You've run a codemod to migrate assertEq(...) to assert.Equal(...) (Exercise 2). "The codemod ran" is not "the migration is done" — variants the pattern couldn't match, plus new code, can still introduce the old form. Write a CI check that fails the build if any assertEq( call remains, and explain how to avoid false positives from strings/comments.

Acceptance criteria - The check exits non-zero (fails CI) when a real assertEq( call exists in source. - It does not fail on assertEq appearing only in a comment or string (bonus: explain the trade-off). - It's runnable in a CI step.

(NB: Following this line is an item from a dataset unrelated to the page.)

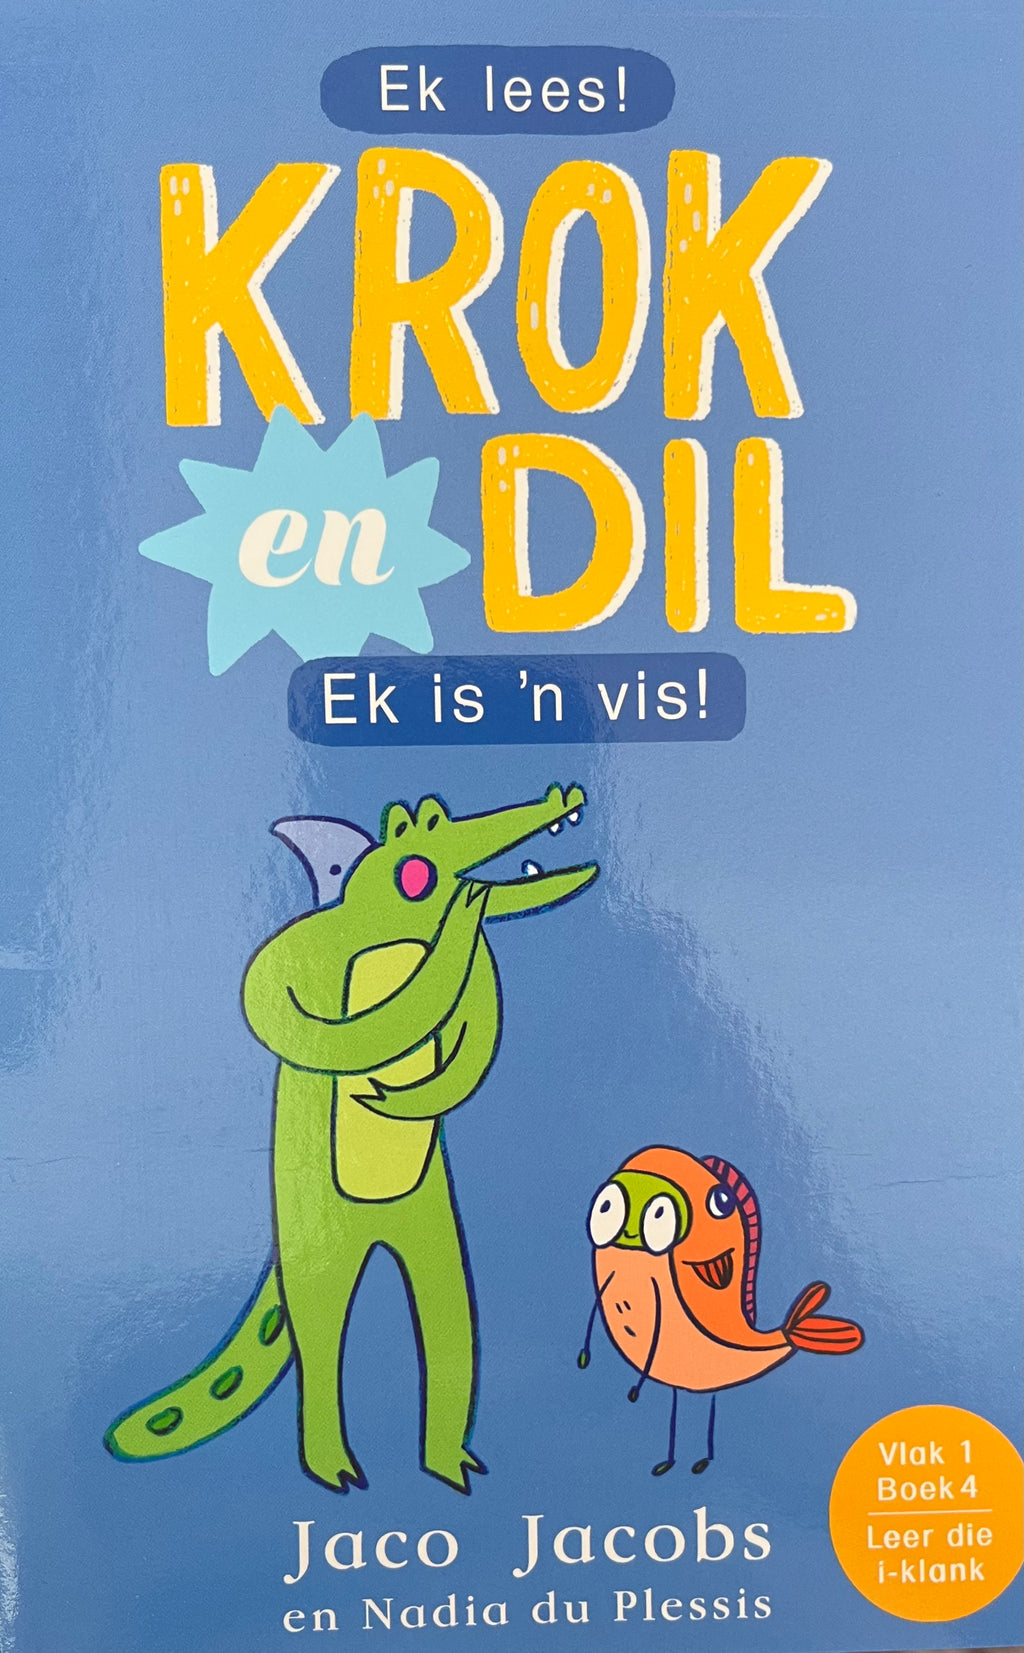 Ek Lees! Krok en Dil: Ek is 'n vis!

Solution **Cheap first pass — `grep` as a gate:** 
# fail-on-residual.sh
if grep -rn --include='*.go' -e 'assertEq(' .; then
  echo "ERROR: legacy assertEq( call remains — migrate to assert.Equal" >&2
  exit 1
fi
echo "OK: no residual assertEq calls"
This is a *text* match, so it will also flag `assertEq(` inside a comment or string — a false positive. For a true-by-construction gate that ignores lexical regions, use Semgrep (which parses the code): 
# no-legacy-asserteq.yaml
rules:
  - id: no-legacy-asserteq
    languages: [go]
    severity: ERROR
    message: "Use assert.Equal(t, want, got), not assertEq()."
    pattern: assertEq(...)

semgrep --config no-legacy-asserteq.yaml --error .   # non-zero on any match
**Explanation.** This is the **fitness function** that closes the migration loop. A codemod handles the bulk; this detector finds the long tail (variant spellings, dynamically-built calls the codemod couldn't see) *and* prevents regressions — once it's a required CI check, no new `assertEq(` can land, so the old convention can't creep back while you finish mopping up. The grep-vs-Semgrep trade-off mirrors the whole topic: `grep` is instant and zero-setup but matches text, so it false-positives on strings/comments; the Semgrep `pattern: assertEq(...)` parses Go and matches only *actual call expressions* (the `...` matches any arguments), so it ignores the same identifier in a comment or string. For a *blocking* gate you want the parser-based check to avoid annoying false failures; for a quick local "did I miss any?" the grep is fine. **Where this fits:** install it the moment the codemod lands, scoped to fail on *new* occurrences. It's the difference between a migration that's "mostly done" (and silently rots back to two conventions) and one that's *enforced* done.

Summary

  • gofmt -r rewrites single Go expressions with wildcard patterns on the AST — safe against strings/comments, but no logic or types (Exercise 1). Reusing a wildcard (a[b:len(a)]) is how you constrain a match.
  • Comby does structural match/replace with balanced-span holes (:[x]), so it handles nested calls and respects lexical regions — far safer than regex, far cheaper than a full codemod (Exercise 2).
  • ts-morph wraps the TypeScript checker, so a rename targets one type's method by resolving the symbol — the case syntactic tools get wrong (Exercise 3).
  • Idempotency is non-negotiable: match the "before" state only, skip already-migrated sites, and prove it with a double-run-empty-diff test (Exercise 4).
  • Semgrep autofix unifies detect-and-fix in one rule with $X metavariables — and its single-arg pattern reminds you that non-matching variants still need a residual scan (Exercise 5).
  • The migration isn't done when the codemod runs — a CI detector for the old pattern (parser-based to avoid string/comment false positives) finds the long tail and prevents regression (Exercise 6).